I woke up this morning and logged on to Facebook to see all of the tributes
to dads, living & dead. Happy Father's Day!
I'm not posting one of those today, at least not for my alleged father.
I don't mind seeing others post their glad tidings to the men who raised
them and were there to influence their lives, in good ways and odd.
I'm glad for them. Also, I am sad for those who make their posts in memory
of their fathers who have died, who were taken away from them.
I know the absence, but for me (and many others) it is different because my alleged father
chose his absence.
As I grew up and saw images like these
I saw what my relationship was "supposed" to be like.
I think I adjusted pretty well, for a kid. I had my mom for all of my survival needs
(and she worked harder than most people should have to). I just learned to do without.
I learned to do the things that needed to be done, like shaving, by doing them. Trail & error
kind of stuff. I didn't need someone to teach me. (Although, I do remember my cousin poking fun at me because I applied my deodorant, "like a woman". I guess a lot of my learning was from observing. Apparently, I never saw my brother put on deodorant.)
(Also, to this day I still haven't learned to tie a tie, but I mostly don't learn so that I will
keep the opportunity to ask any hunk nearby to show me...
Now, as an adult and as a gay of a certain age, I do look back and miss those moments
a little, but what stings about it is that those moments didn't happen because they were
inconvenient. Maybe I'd feel a little better about it if in his absence my alleged father had made a great breakthrough in some specific field, if he had become a great success at something because he dedicated all of his time to it, but that's not the case.
There is no great legacy that will replace the lost father/son bonding.
Actually, I don't need anything from him like that, lost moments are lost.
I'm not posting this as a "wah wah wah, poor me", this about another bit of damage that
has resulted. I don't hate my alleged father, sometimes I do worry about him a little,
but what I feel most where he's concerned is disappointed.
This is why I am single; while a good portion of my worries about me in a relationship is
that I'll find out that I can be just as selfish as my alleged father, the bigger issue is
that because of that, I withhold. This does not occur only in romantic (I guess potentially romantic) relationships. I withhold my emotions and trust because if I get too far in, I may be the one that causes that disappointment. I suppose it's also to protect myself from the possibility of experiencing it, but honestly I've faced disappointment enough to know I can handle it and things get better.
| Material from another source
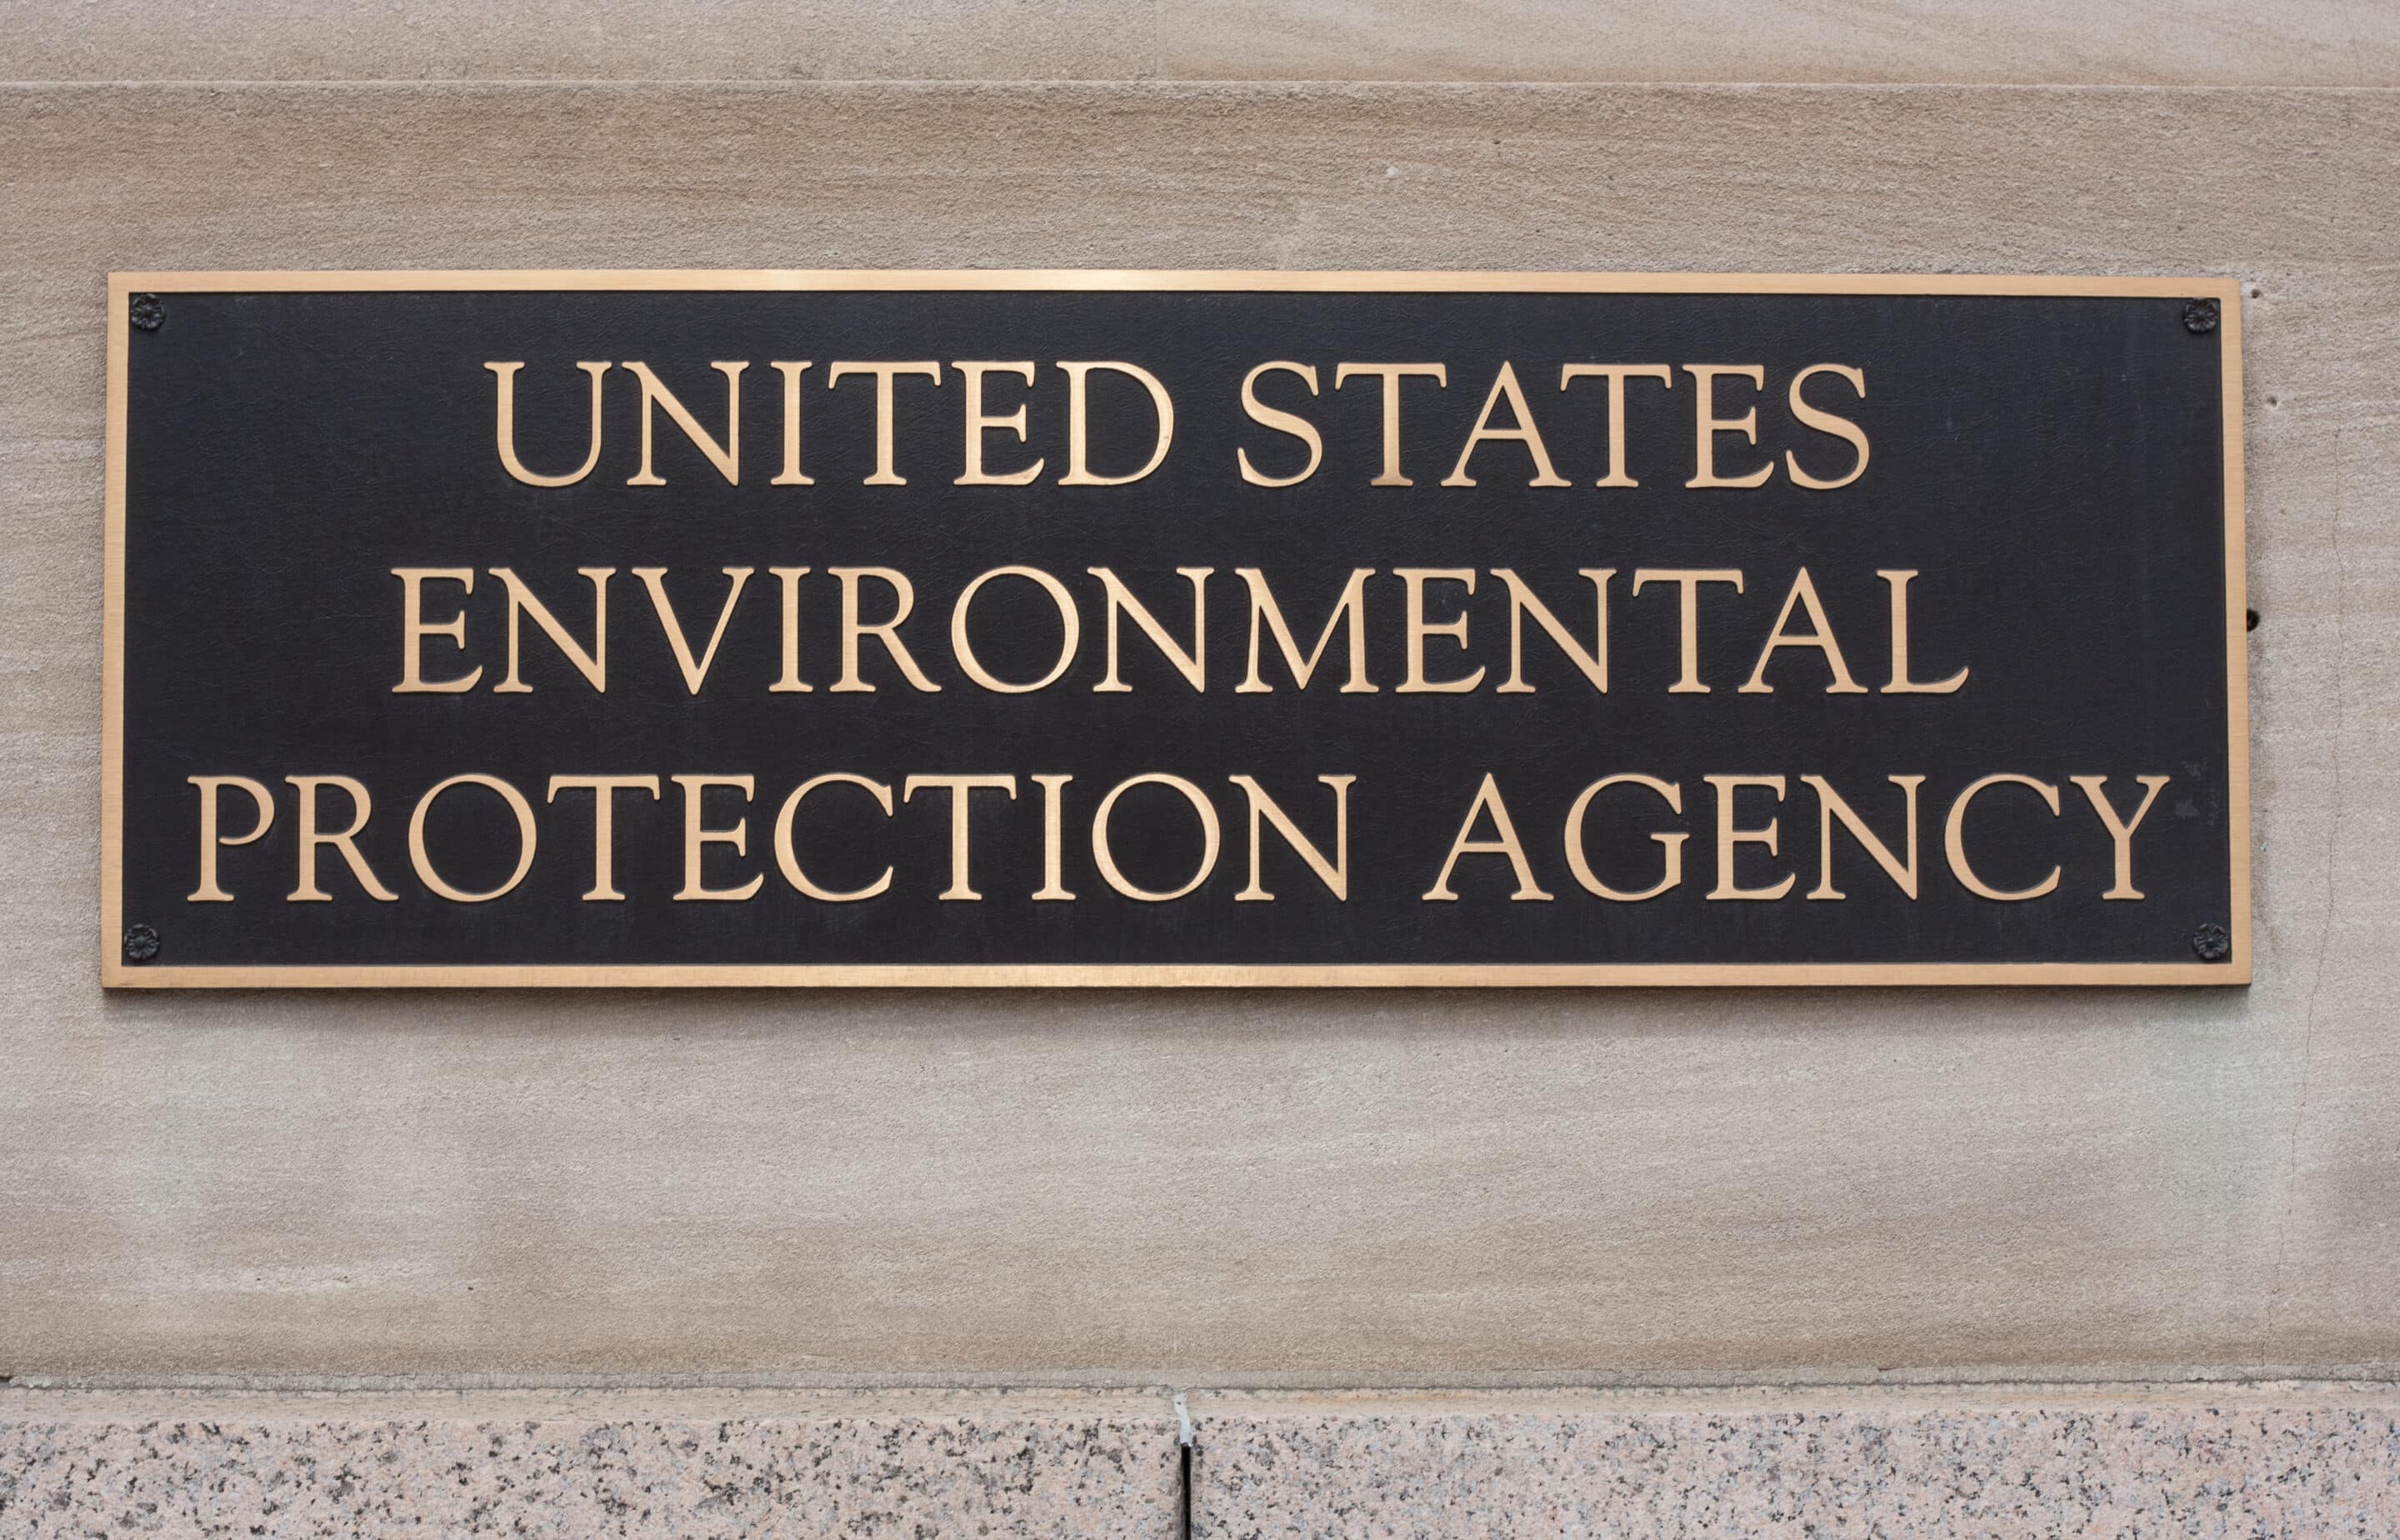 EPA CLEAN WATER ACT AND SEPTIC SYSTEM HISTORY

All I know for sure is that I don't want to be the source of that for someone else. I don't want to be like him. CLICHE' ALERT We can't help becoming our parents. I mean that to say, couldn't the withholding on my part be just as disappointing. I don't know who I'm protecting or how. I don't know why I don't trust others to handle disappointment from me. So, now let me say that my biggest worry is that I won't be able to stop withholding. I may never be brave enough to just go balls out, completely open, fully trusting with someone. THEN, start worrying that I'll be selfish and disappoint them! Golly, I guess my alleged father gave ME the gift that keeps giving...
In all honesty, I find it hard to picture my alleged father's dad, taking him aside and living out the Norman Rockwell Pops & Junior moments, so I don't know if he was even capable of doing those things with me. I just think he should have at least tried. And if Grandpa was not the best father and that's my alleged father's excuse - he should just buck up and start his own blog!